P90 = 1s doesn’t mean PR(1s) = 90%
Take a look at the example. Given following, sorted array of latencies [s], 10 elements for simplicity
0.25, 0.3, 0.6, 0.6, 0.7, 0.8, 0.85, 0.9, 1.0, 1.4
- P90 = 1.0
- PR(1) = 80%
- PR(1.1) = 90%
- PR(1.5) = 100%
Let’s change the example. Latencies got worse, but P90 stays the same
0.25, 0.3, 0.6, 0.6, 0.7, 1.0, 1.0, 1.0, 1.0, 1.4
- P90 = 1.0
- PR(1) = 50%
- As you can see, a single percentile does not say how many samples
Let’s change the example. Latencies got even worse, P90 stays the same
1.0, 1.0, 1.0, 1.0, 1.0, 1.0, 1.0, 1.0, 1.0, 1.4
- P90 = 1.0
- PR(1) = 0%
As you can see, relying on a single percentile brings a problem. For P90 anything between [0, 90%] of latencies might be as bad as P90.
Percentiles are not designed to answer question how good/bad this latency is?
Let’s construct the pass / fail acceptance criteria based on percentile rank
Based on previously mentioned research and 1s as a user frustration point, let’s construct the acceptance criteria.

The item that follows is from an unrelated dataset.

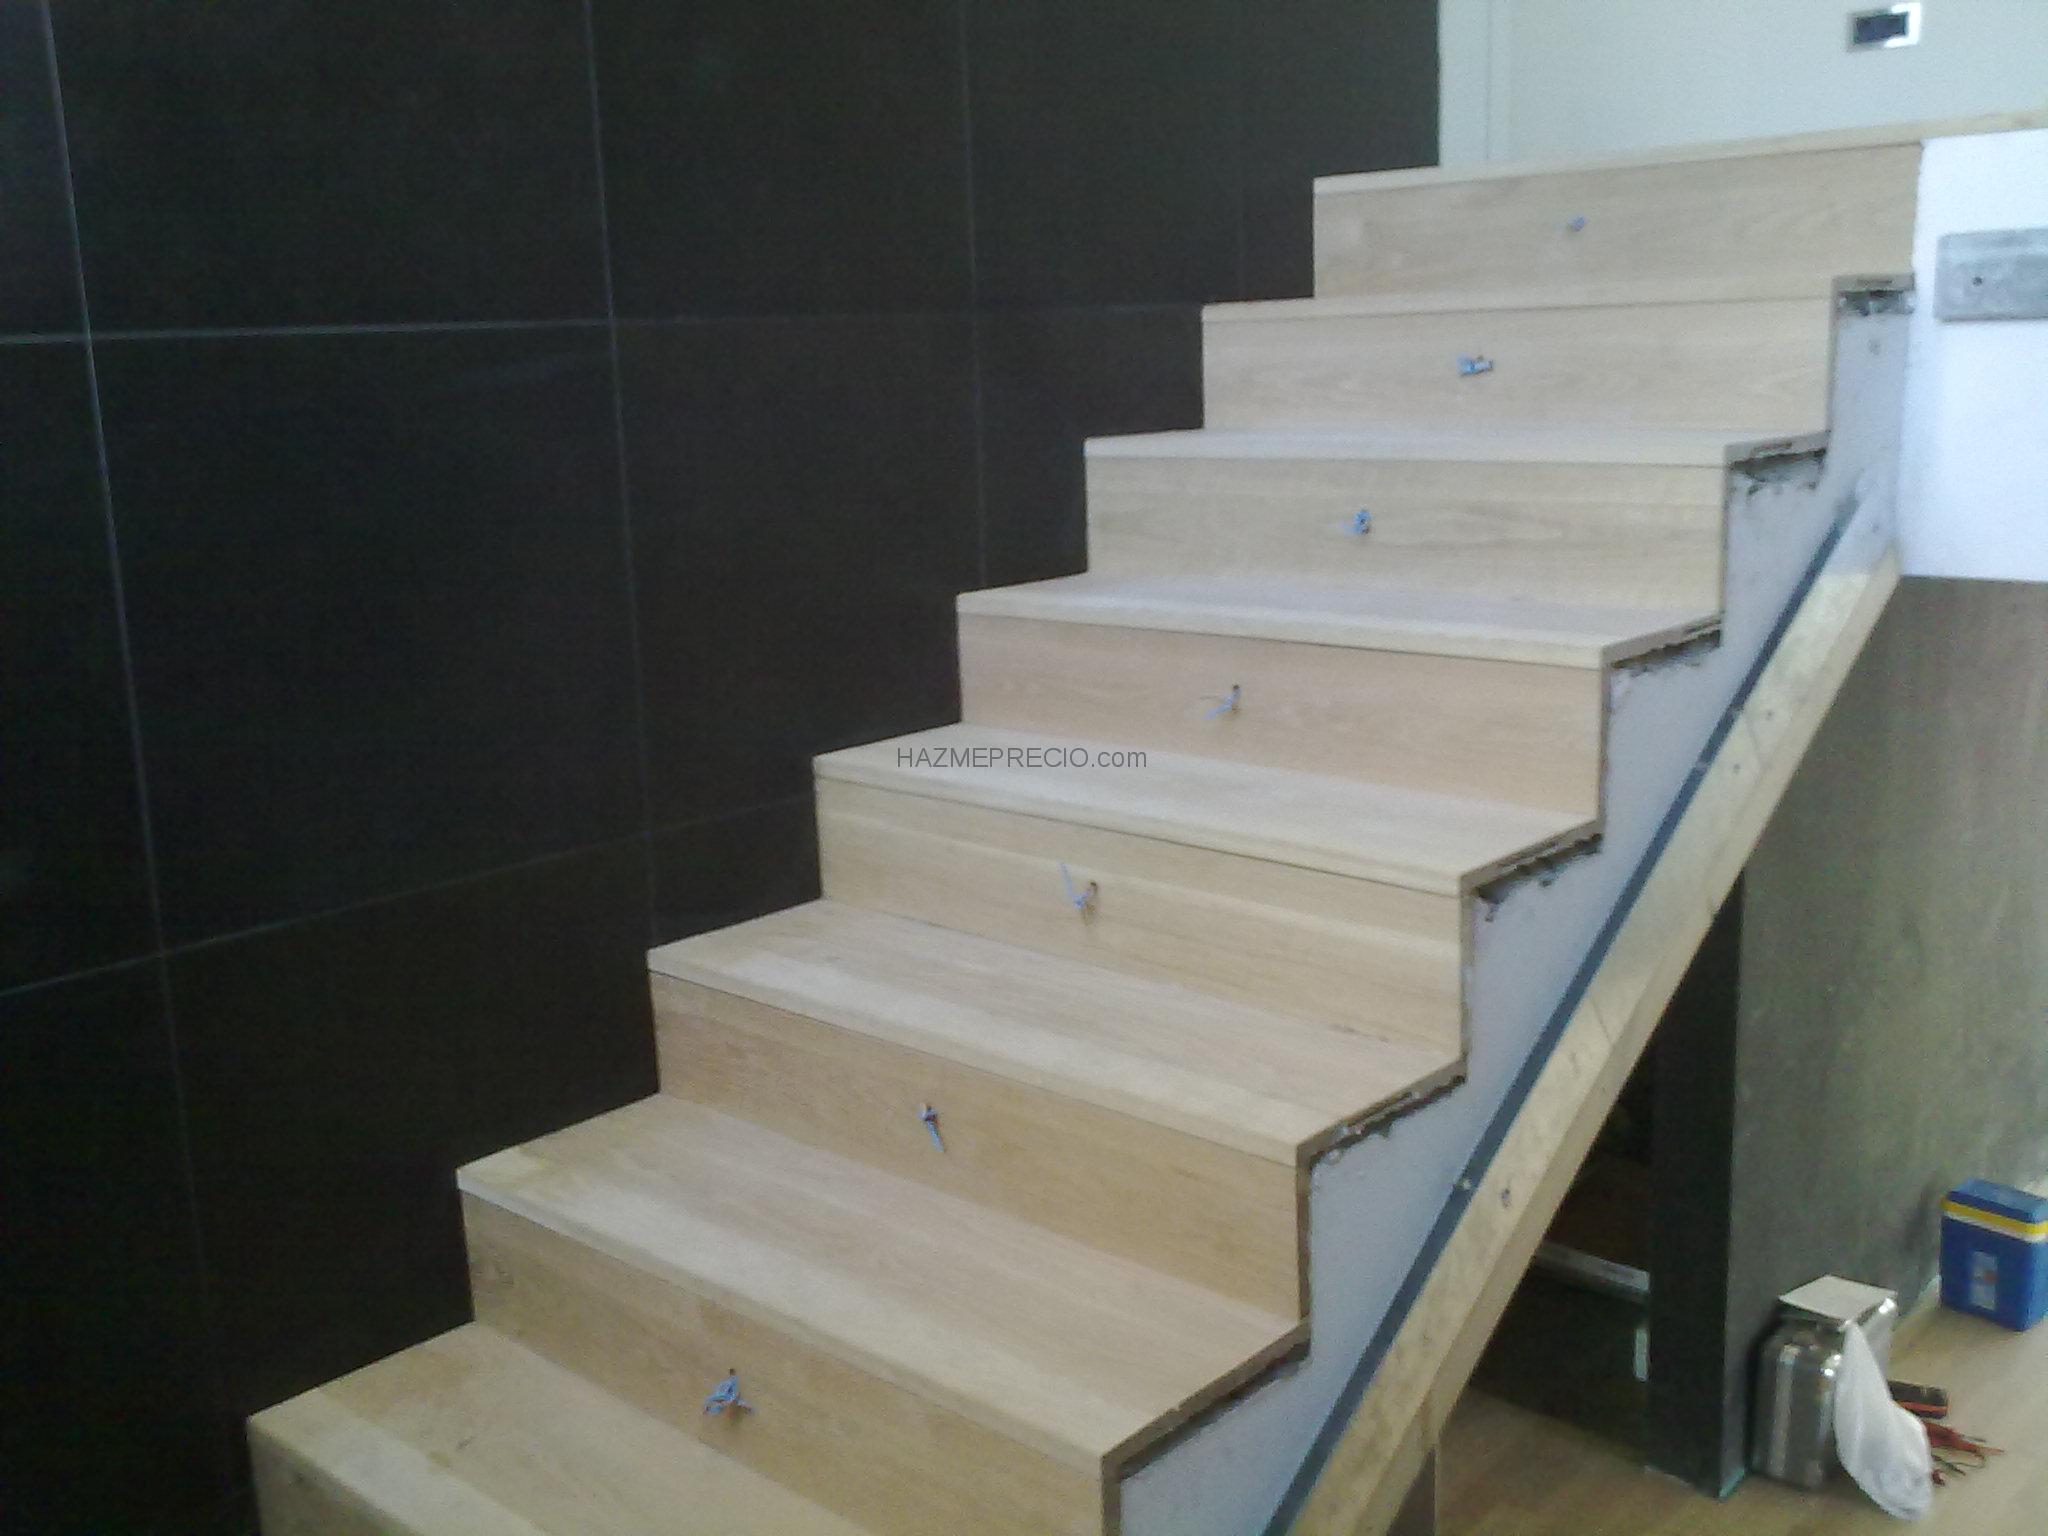 Empresas de tarima flotante en sevilla - Revestimiento para escaleras ...

PR(1s) is expected to be at least 99%
- Which means “At least 99% of website interactions user should experience latency below 1s“
- Which also means “User can be frustrated by max 1% of website interactions“
What if after a benchmark, criteria is NOT met?
e.g. PR(1s) = 80% and is expected to be at least 99%
It means 19% of the responses are too slow. 19% of interactions needs to be fixed.
How to measure improvement if you start with PR(1s) = 0%
You might be in a situation that all latencies are >= 1s. 100% frustrated user. You want to improve the product by chaning something.
Before change
- PR(1s) = 0%
- All measured latencies are be above 2s
After change, new commits added to the product
- PR(1s) = 0%
- All of measured latencies are above 1.5s. It is an improvement, but percentile rank hasn’t changed.
And you can’t just say “this improvement doesn’t matter, user is still frustrated because criteria measuring user’s frustration is till unmet“. Some improvements require a lot of iterative work and you need a devloop in which you notice the improvement. Even if it’s still far away from having happy user.
To compare if there is an improvement you could use comparison benchmark with Hodges-Lehmann estimator.
- That requires access to every single latency from baseline and experiment
You could also use a simple measure which I call ‘wasted user time’ which you want to keep at 0.
val thresholdMillis = 1000
val allowedDurationMillis = latencies.size * thresholdMillis
val totalDurationMillis = latencies.sumOf { it.toMillis() }
val excessiveDurationMillis = totalDurationMillis - allowedDurationMillis
val wastedUserTimePercent = excessiveDurationMillis * 100.0 / totalDurationMillis
This way even if percentile rank hasn’t changed you can still measure the improvement.
And that’s the exact methodology I’m using to measure webpages performance and answer questions “how to improve the system?”